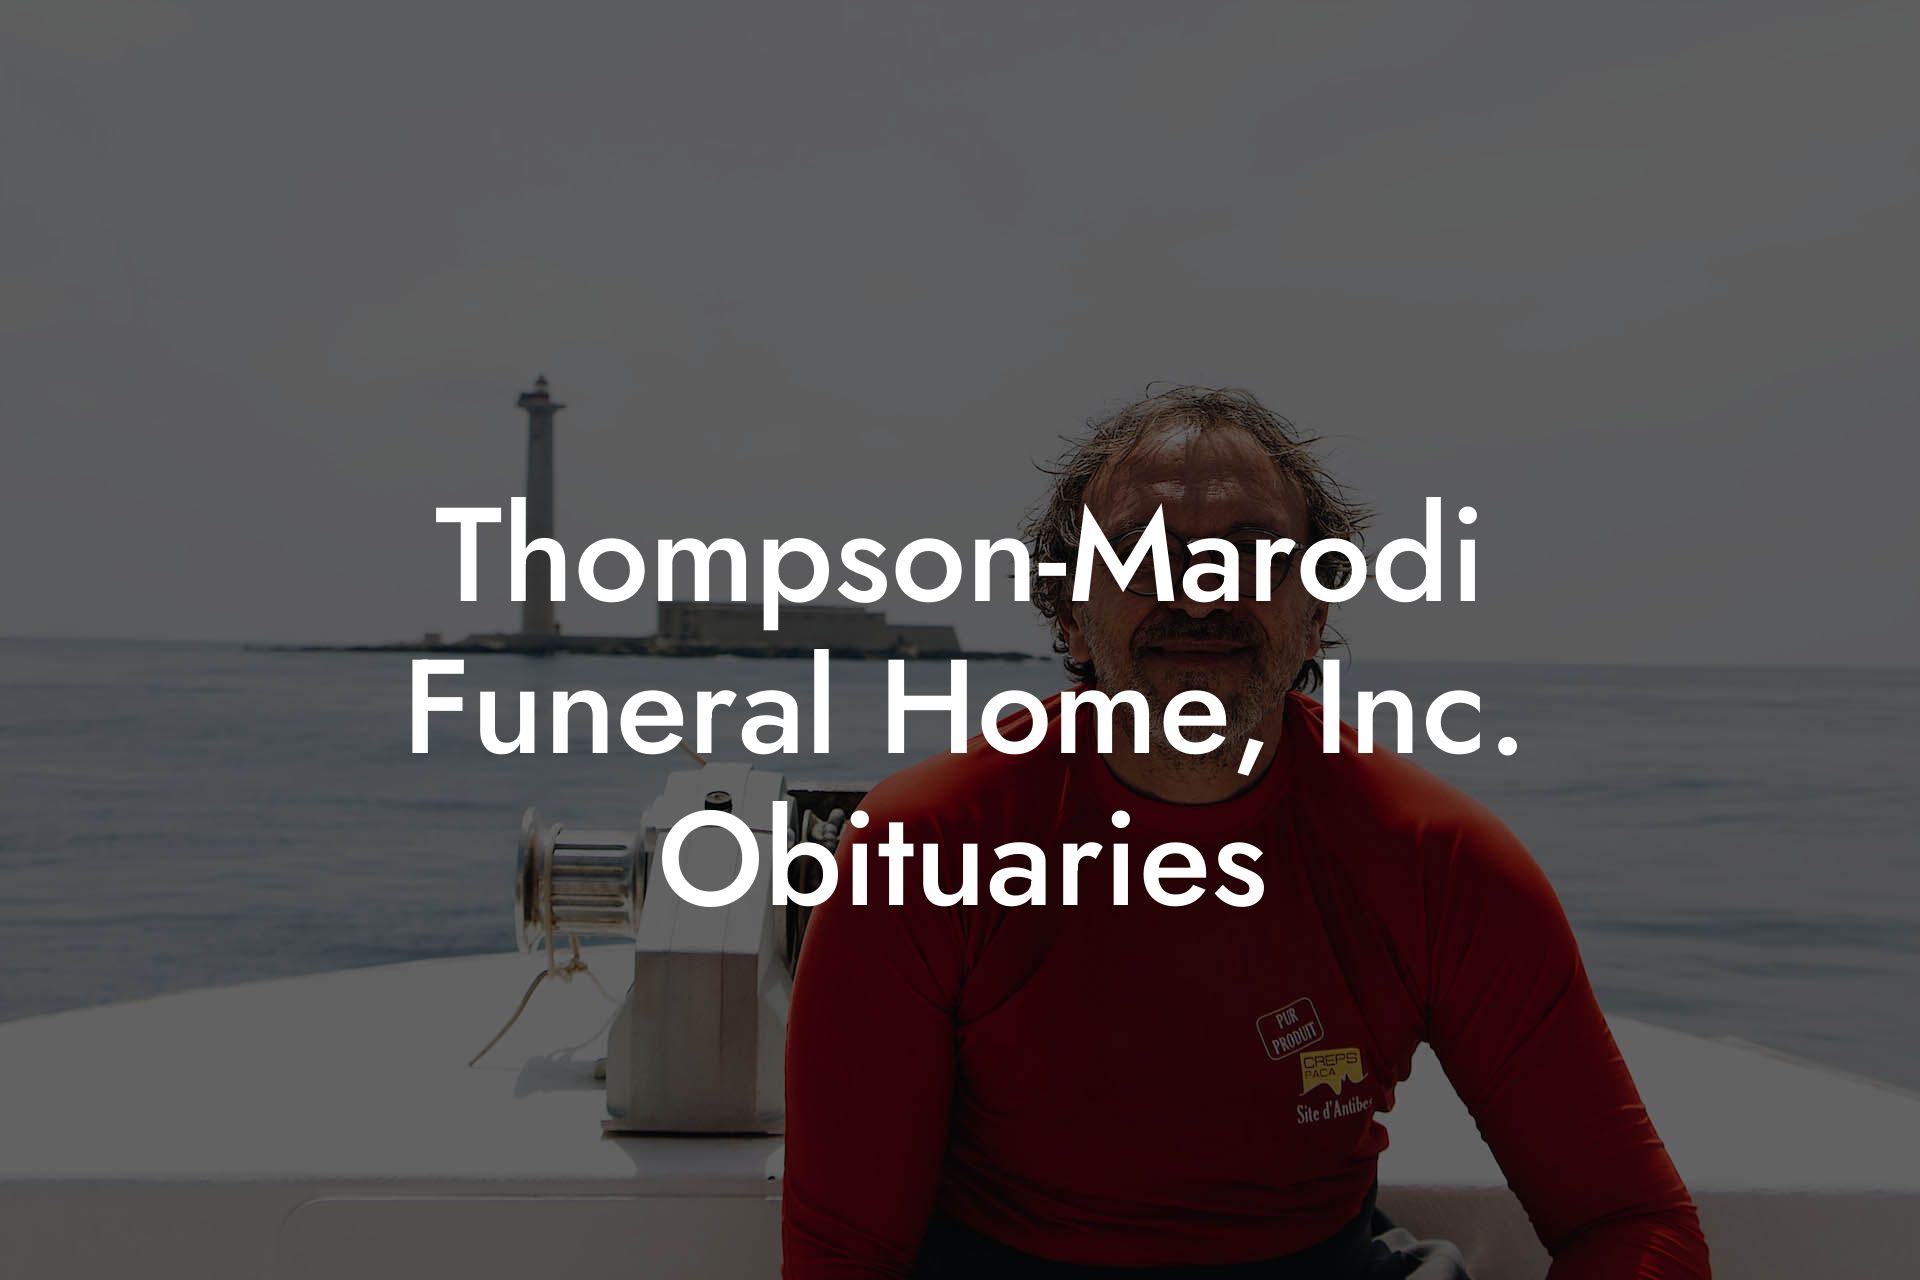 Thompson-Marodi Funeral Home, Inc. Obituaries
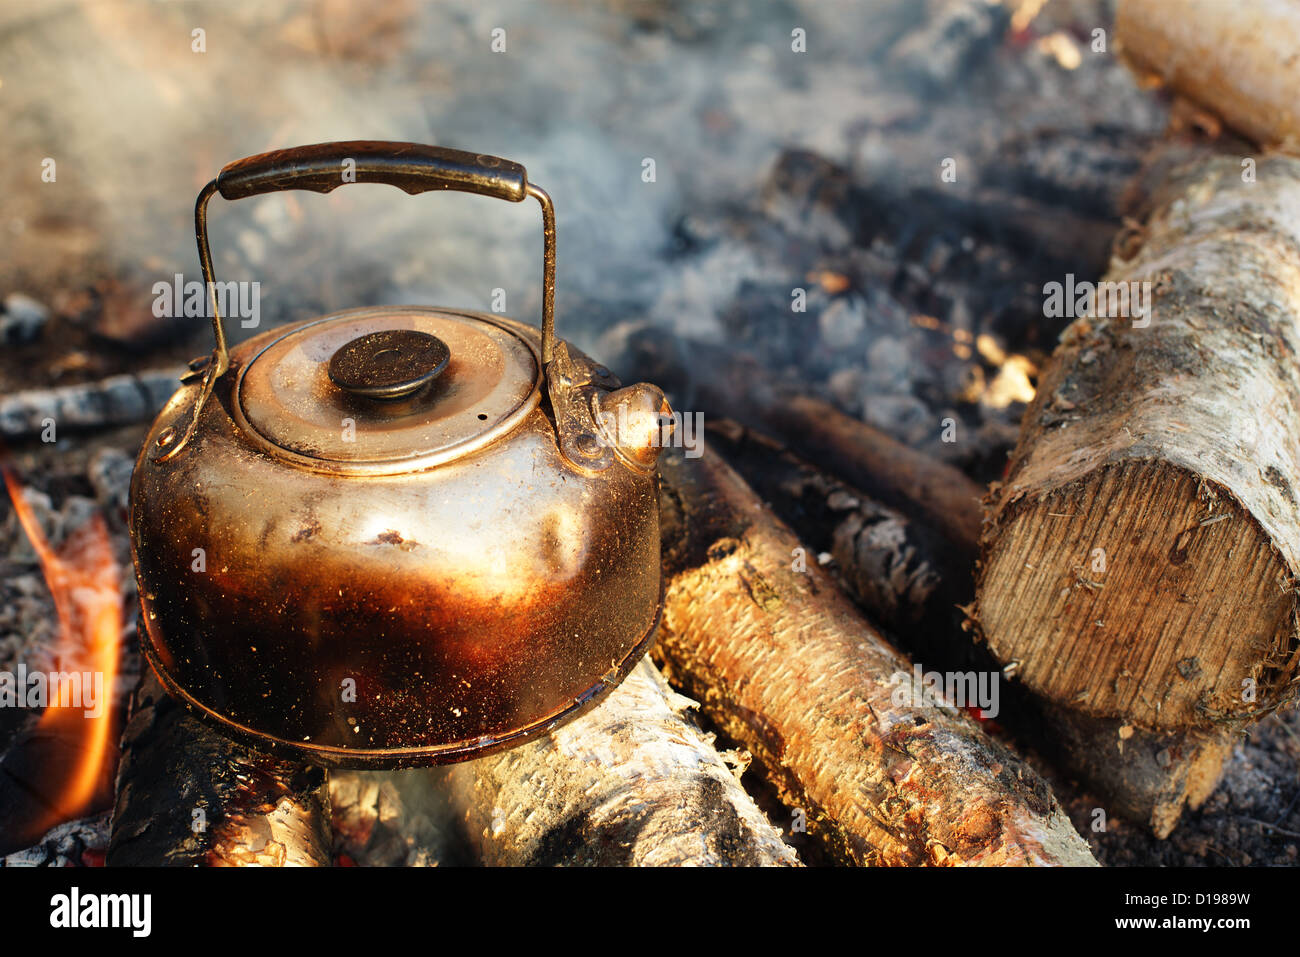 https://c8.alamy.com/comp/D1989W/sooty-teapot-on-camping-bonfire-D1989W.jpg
|---|
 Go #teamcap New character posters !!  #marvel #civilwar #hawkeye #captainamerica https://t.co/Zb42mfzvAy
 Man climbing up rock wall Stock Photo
|---|
Required work: Taking the material above, extract exactly and only the lines from the line with "Go #teamcap New" to the line with "Man climbing up rock wall Stock Photo", inclusive of both.

Written response:
 Go #teamcap New character posters !!  #marvel #civilwar #hawkeye #captainamerica https://t.co/Zb42mfzvAy
 Man climbing up rock wall Stock Photo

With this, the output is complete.